How to Do Triceps Pushdowns

Proper Form, Variations, and Common Mistakes

Verywell / Ben Goldstein

Also Known As: Pushdowns, cable pushdowns, rope pushdowns

Targets: Triceps

Equipment Needed: Pushdown machine (cable machine) or a resistance band

Level: Beginner to advanced (depending on weight used)

The triceps pushdown is one of the best exercises for triceps development. While the versatile upper-body workout is usually done on a cable machine (a fixture at most gyms), you can also perform a version of the move at home or on the go using a resistance band.


The triceps brachii muscle is located at the rear of the upper arm and has three components: the long, lateral, and medial heads. If you want to build up your arms, working all three heads of your triceps is key, and the triceps pulldown does just that.

Triceps pushdowns also benefit your overall strength and endurance by engaging your core, back, and shoulders. The move is also adaptable to your strength and level, as you can increase the weight as you go.

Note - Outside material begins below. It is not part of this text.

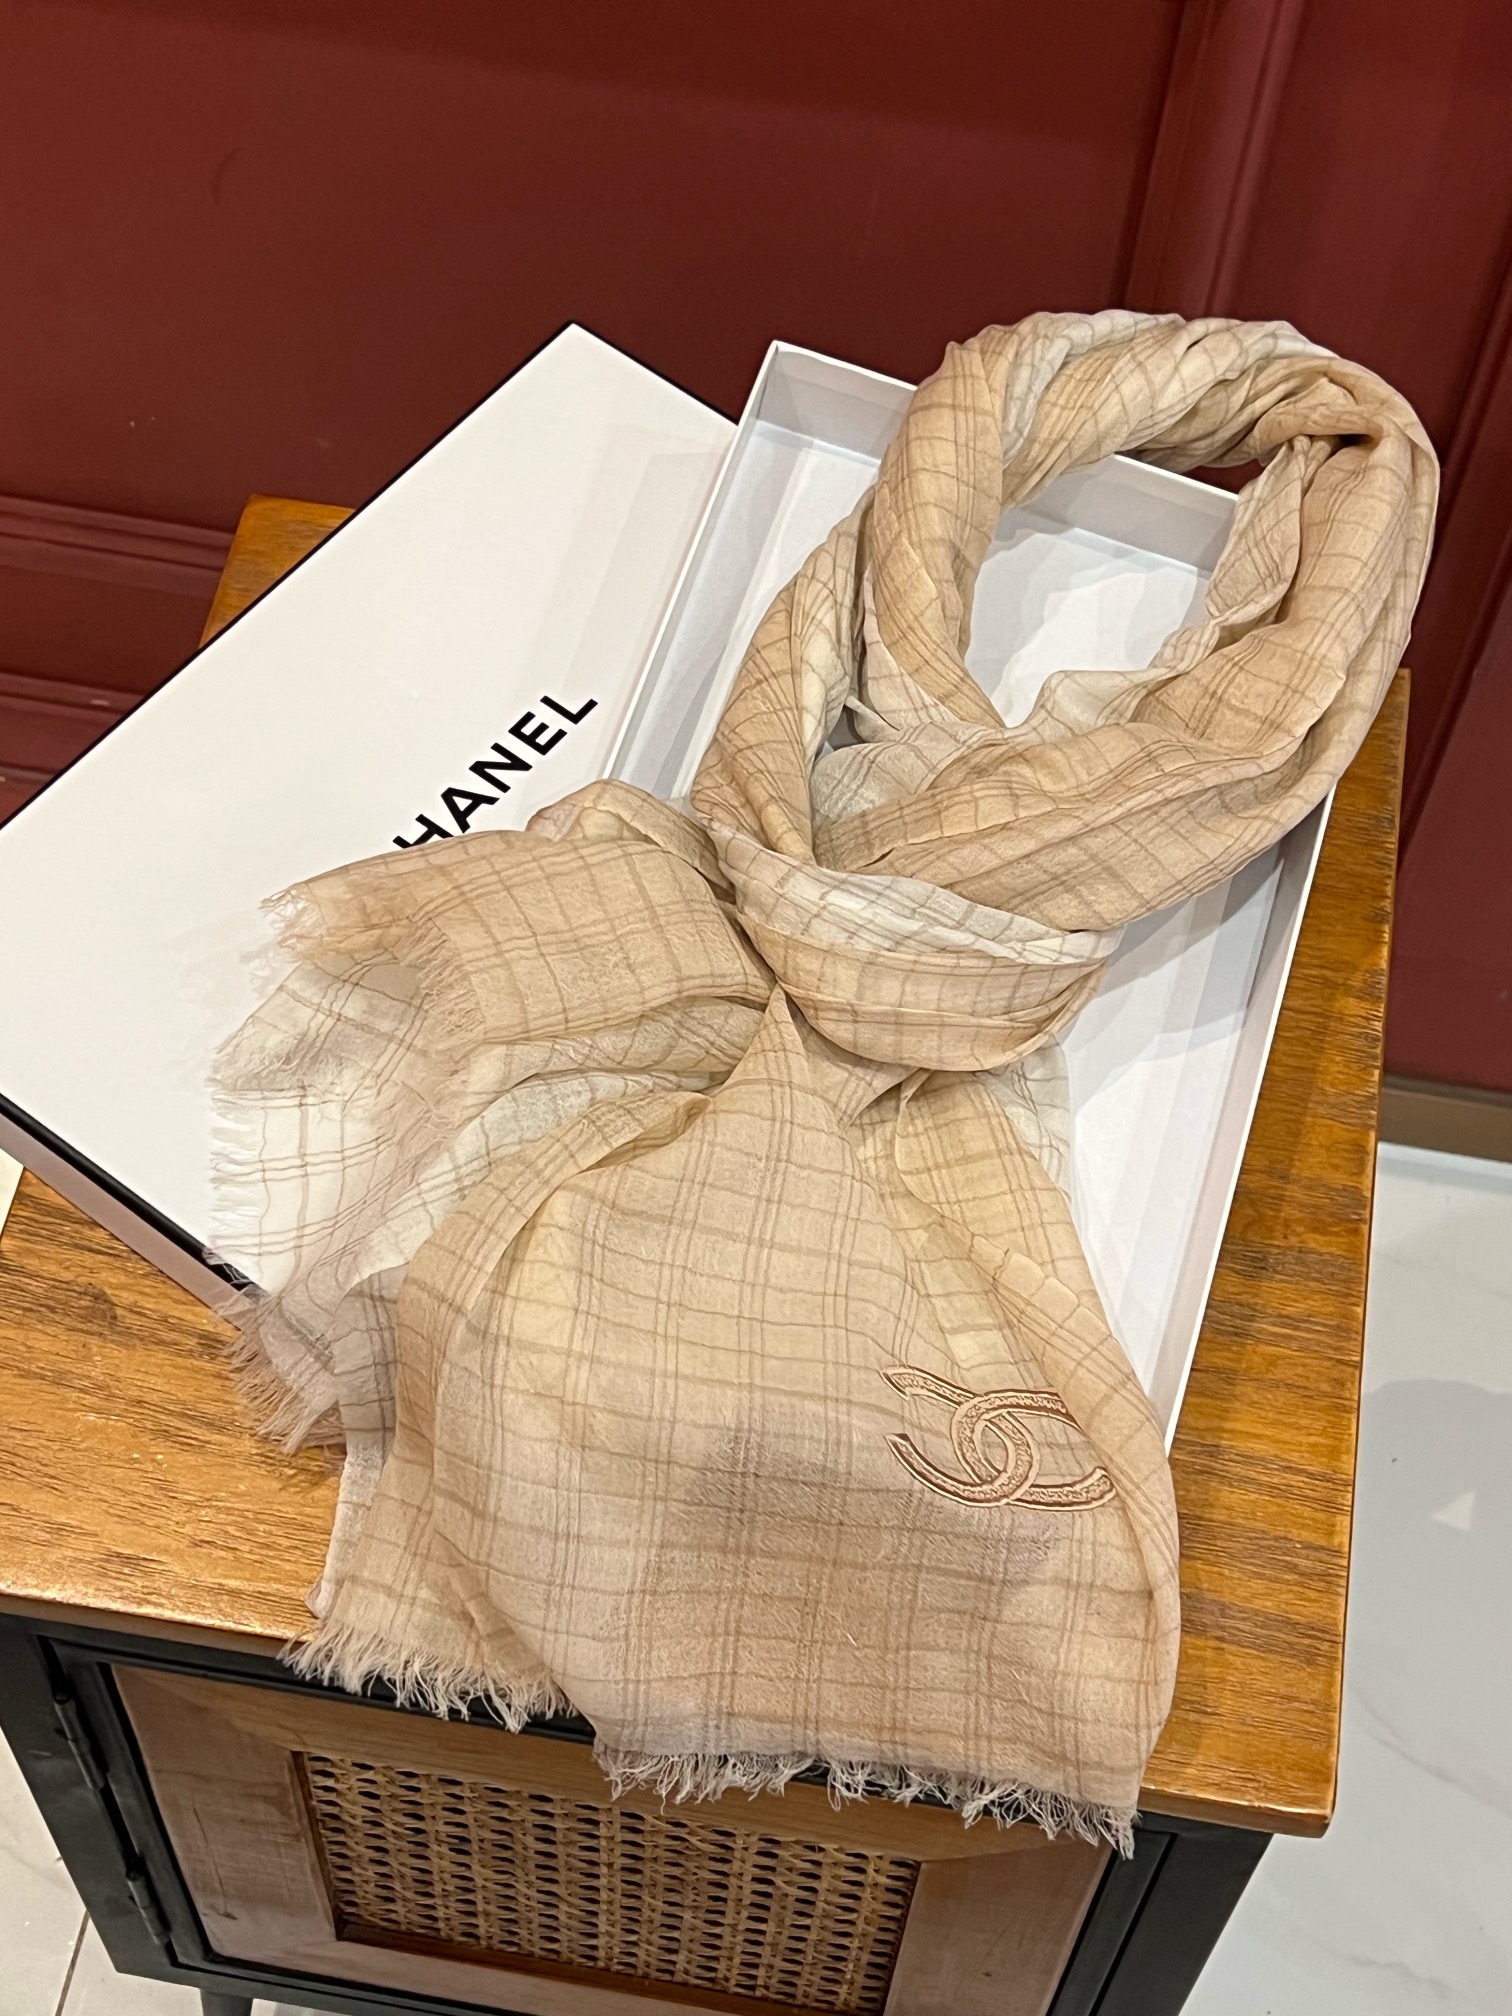 Chanel香奈儿走秀新款羊绒羊绒围巾小香简约风如今可谓风靡全球轻松表达出女性的优雅与高贵感又显复古文艺

Performing this move properly also requires isolation, a fundamental skill for many other exercises.

Step-by-Step Instructions

To prepare:

  1. Face the triceps pushdown cable machine and grasp the horizontal cable bar or rope attachment (depending on the machine your gym has) with an overhand grip. Adjust the bar or rope grips to about chest level.
  2. Using the pin-and-place adjustment and set a low weight to start. Different versions of the machine may include other weighting mechanisms.

When you're ready to begin:

  1. Start by bracing your abdominals.
  2. Tuck your elbows in at your sides and position your feet slightly apart.
  3. Inhale. Push down until your elbows are fully extended but not yet in the straight, locked position. Keep your elbows close to your body and bend your knees slightly on the pushdown. Resist bending forward. Try to keep your back as straight as possible as you push down.
  4. As you exhale, return to the starting point using a controlled movement. Try not to crash the weights.
  5. For beginners, aim to complete 4 sets of 8 reps.

Common Mistakes

Your Elbows Flare Out

Don’t allow your elbows to flare outward on the downward push. This negates the work on your triceps and places unwanted stress on your shoulders.

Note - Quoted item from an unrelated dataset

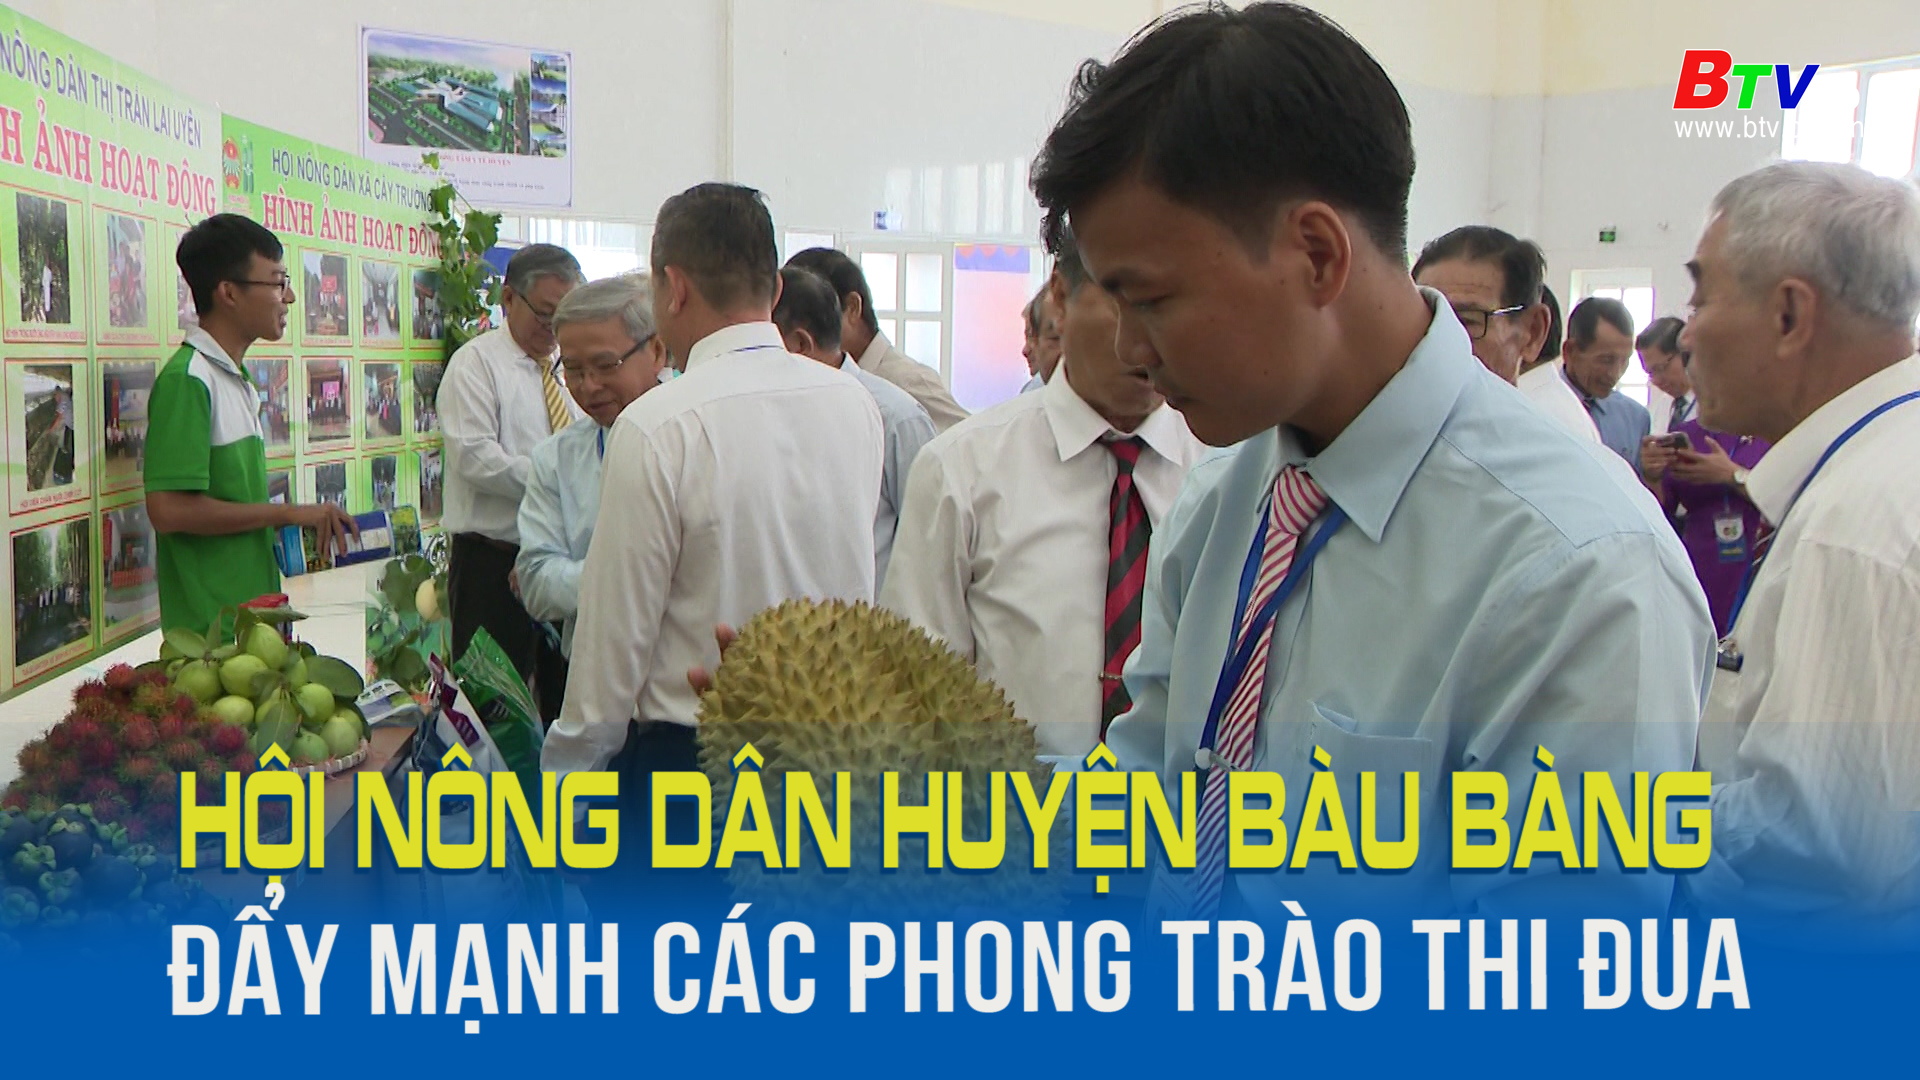 Hội nông dân huyện Bàu Bàng đẩy mạnh các phong trào thi đua

You're Not Using Both Sides Equally

Check in to be sure you push down smoothly and evenly with both arms.

You're Using Your Back Too Much

You don't want to bend over at the back and shoulders to force the weight down. That being said, to ensure your triceps are getting fully worked, it can be helpful to lean forward slightly and allow your knees to bend slightly as you push down. This position ensures you're engaging all the muscle's components equally.

Modifications and Variations

Need a Modification?

If your gym has the cable and pulley machine used in this exercise, then it probably also has a selection of grip attachments. You may see a straight bar, or ones with bends in them, such as the E-Z bar and V-angled bar. These are used in the same way, but you may find one more comfortable to use than another.

If you aren't part of a gym or if your gym doesn't have a pushdown machine, try using a resistance band to do the workout at home or while traveling. You'll also need something sturdy above your head, like a metal bar, rod, or hook.

Place the band around the secure point (at least at chin-height, if not over your head). Grip the ends of the band and perform the pushdown exercise using the same form you would on a cable machine.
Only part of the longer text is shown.